Oops, in looking at the specs for the 642 I see that it is basically the same as the 442, has a steel barrel and cylinder, but an alloy frame, the main difference being that the 442 is blue and the 642 is white, and both are chambered for 38 Special +P. It weighs 15oz. whereas the 340PD weighs about 11.....empty weights. The all-steel guns like the 640 are heavier. They'll recoil less but are less pleasant to carry.
 
I had an old all steel one that I traded for the LCR. Like I said, what was so surprising is that the recoil on the 340pd did not bother me at all. And my hand even hurt from firing the LCR immediately before. I guess the slimmer frame really makes a big difference, at least for my hands.

Unfortunately, I'm not comfortable buying one without the lock online. I did talk to one place on the phone but when I look at their feedback, they only have 2 positive ratings out of 206 transactions. They only have 1 left and just closed for the night so I can always call in the am if I decide overnight.
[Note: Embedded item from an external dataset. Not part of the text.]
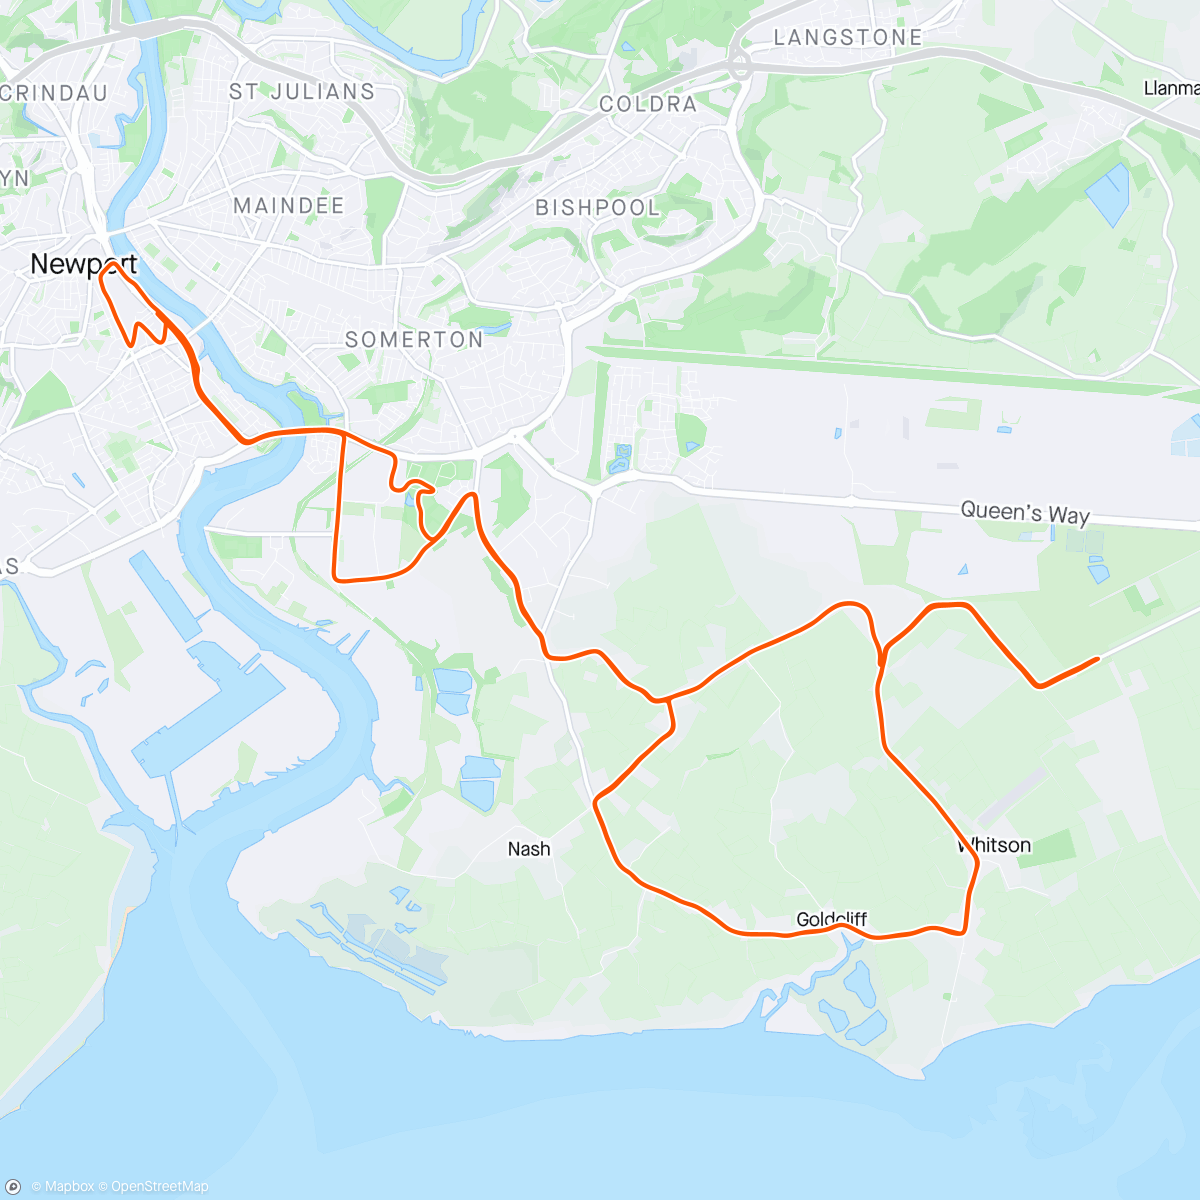 「Newport (Wales) Marathon - 2:50:48」活動的地圖

I still have one other place trying to see if they can find me one but if not, I will stick with the internal lock and do what others have done and remove the flag thing, if I feel like I can do it correctly.

Oops, in looking at the specs for the 642 I see that it is basically the same as the 442, has a steel barrel and cylinder, but an alloy frame, the main difference being that the 442 is blue and the 642 is white, and both are chambered for 38 Special +P. It weighs 15oz. whereas the 340PD weighs about 11.....empty weights. The all-steel guns like the 640 are heavier. They'll recoil less but are less pleasant to carry.
 
There are many threads on this Forum that describe ways to remove or disable the lock. Some methods are reversible, some aren't.

I've put full power .357 magnum through my 340Sc for years and have never had a problem with the lock, but I still don't like the lock.

Your OP said you want the gun for a running companion. IMHO you want the lightest gun possible. It's not a range gun or plinker. It's a "carry a lot, shoot a little" but you always have it gun. It won't leave you unarmed because you didn't want to bother carrying something heavier (been there, done that).